- MATERIAL FOR THIS TASK
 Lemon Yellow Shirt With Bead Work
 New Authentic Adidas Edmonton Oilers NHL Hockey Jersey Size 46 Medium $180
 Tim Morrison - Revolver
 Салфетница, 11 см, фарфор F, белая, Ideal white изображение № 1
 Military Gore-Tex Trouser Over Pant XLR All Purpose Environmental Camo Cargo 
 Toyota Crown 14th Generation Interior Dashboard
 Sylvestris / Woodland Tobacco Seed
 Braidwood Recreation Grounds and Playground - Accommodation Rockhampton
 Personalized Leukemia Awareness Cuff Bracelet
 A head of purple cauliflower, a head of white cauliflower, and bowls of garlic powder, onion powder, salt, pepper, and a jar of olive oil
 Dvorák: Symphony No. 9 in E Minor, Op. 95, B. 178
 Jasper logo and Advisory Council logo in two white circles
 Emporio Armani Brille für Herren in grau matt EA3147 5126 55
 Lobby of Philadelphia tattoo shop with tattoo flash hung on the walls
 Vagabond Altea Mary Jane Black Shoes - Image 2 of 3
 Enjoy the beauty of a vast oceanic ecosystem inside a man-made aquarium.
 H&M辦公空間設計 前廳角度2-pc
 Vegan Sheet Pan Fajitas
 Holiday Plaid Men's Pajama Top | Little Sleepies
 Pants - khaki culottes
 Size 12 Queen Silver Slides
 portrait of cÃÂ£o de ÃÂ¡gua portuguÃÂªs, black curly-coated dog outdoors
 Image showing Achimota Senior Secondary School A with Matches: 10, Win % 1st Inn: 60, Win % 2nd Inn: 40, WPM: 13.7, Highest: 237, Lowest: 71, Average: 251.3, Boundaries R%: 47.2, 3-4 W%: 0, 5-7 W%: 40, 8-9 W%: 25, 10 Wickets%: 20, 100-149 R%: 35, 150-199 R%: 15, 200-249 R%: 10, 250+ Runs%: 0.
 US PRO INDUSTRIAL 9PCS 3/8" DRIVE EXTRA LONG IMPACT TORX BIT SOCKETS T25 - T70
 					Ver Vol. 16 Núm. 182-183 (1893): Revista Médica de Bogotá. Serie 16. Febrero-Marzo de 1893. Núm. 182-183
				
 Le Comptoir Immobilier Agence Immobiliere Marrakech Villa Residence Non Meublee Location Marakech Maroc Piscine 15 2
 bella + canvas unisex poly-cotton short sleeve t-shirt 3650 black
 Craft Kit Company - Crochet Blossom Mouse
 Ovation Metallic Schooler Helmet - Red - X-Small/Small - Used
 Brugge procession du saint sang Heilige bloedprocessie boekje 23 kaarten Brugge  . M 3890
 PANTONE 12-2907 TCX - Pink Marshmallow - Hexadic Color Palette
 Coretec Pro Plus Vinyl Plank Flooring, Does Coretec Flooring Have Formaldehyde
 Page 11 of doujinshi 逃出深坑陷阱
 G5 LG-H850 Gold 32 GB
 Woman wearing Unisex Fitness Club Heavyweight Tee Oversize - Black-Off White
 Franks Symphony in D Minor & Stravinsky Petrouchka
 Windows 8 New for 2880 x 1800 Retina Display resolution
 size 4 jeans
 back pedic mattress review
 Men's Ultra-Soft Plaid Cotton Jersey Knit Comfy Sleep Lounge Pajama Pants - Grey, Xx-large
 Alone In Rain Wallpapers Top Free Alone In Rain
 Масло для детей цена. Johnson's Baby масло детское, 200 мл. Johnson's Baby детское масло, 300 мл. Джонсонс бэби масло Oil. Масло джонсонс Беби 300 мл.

- EXERCISE REQUIREMENTS
The answer is the run of lines above from the line containing "Braidwood Recreation Grounds" through the line containing "portrait of cÃÂ£o", copied exactly and alone.

- YOUR RESPONSE
 Braidwood Recreation Grounds and Playground - Accommodation Rockhampton
 Personalized Leukemia Awareness Cuff Bracelet
 A head of purple cauliflower, a head of white cauliflower, and bowls of garlic powder, onion powder, salt, pepper, and a jar of olive oil
 Dvorák: Symphony No. 9 in E Minor, Op. 95, B. 178
 Jasper logo and Advisory Council logo in two white circles
 Emporio Armani Brille für Herren in grau matt EA3147 5126 55
 Lobby of Philadelphia tattoo shop with tattoo flash hung on the walls
 Vagabond Altea Mary Jane Black Shoes - Image 2 of 3
 Enjoy the beauty of a vast oceanic ecosystem inside a man-made aquarium.
 H&M辦公空間設計 前廳角度2-pc
 Vegan Sheet Pan Fajitas
 Holiday Plaid Men's Pajama Top | Little Sleepies
 Pants - khaki culottes
 Size 12 Queen Silver Slides
 portrait of cÃÂ£o de ÃÂ¡gua portuguÃÂªs, black curly-coated dog outdoors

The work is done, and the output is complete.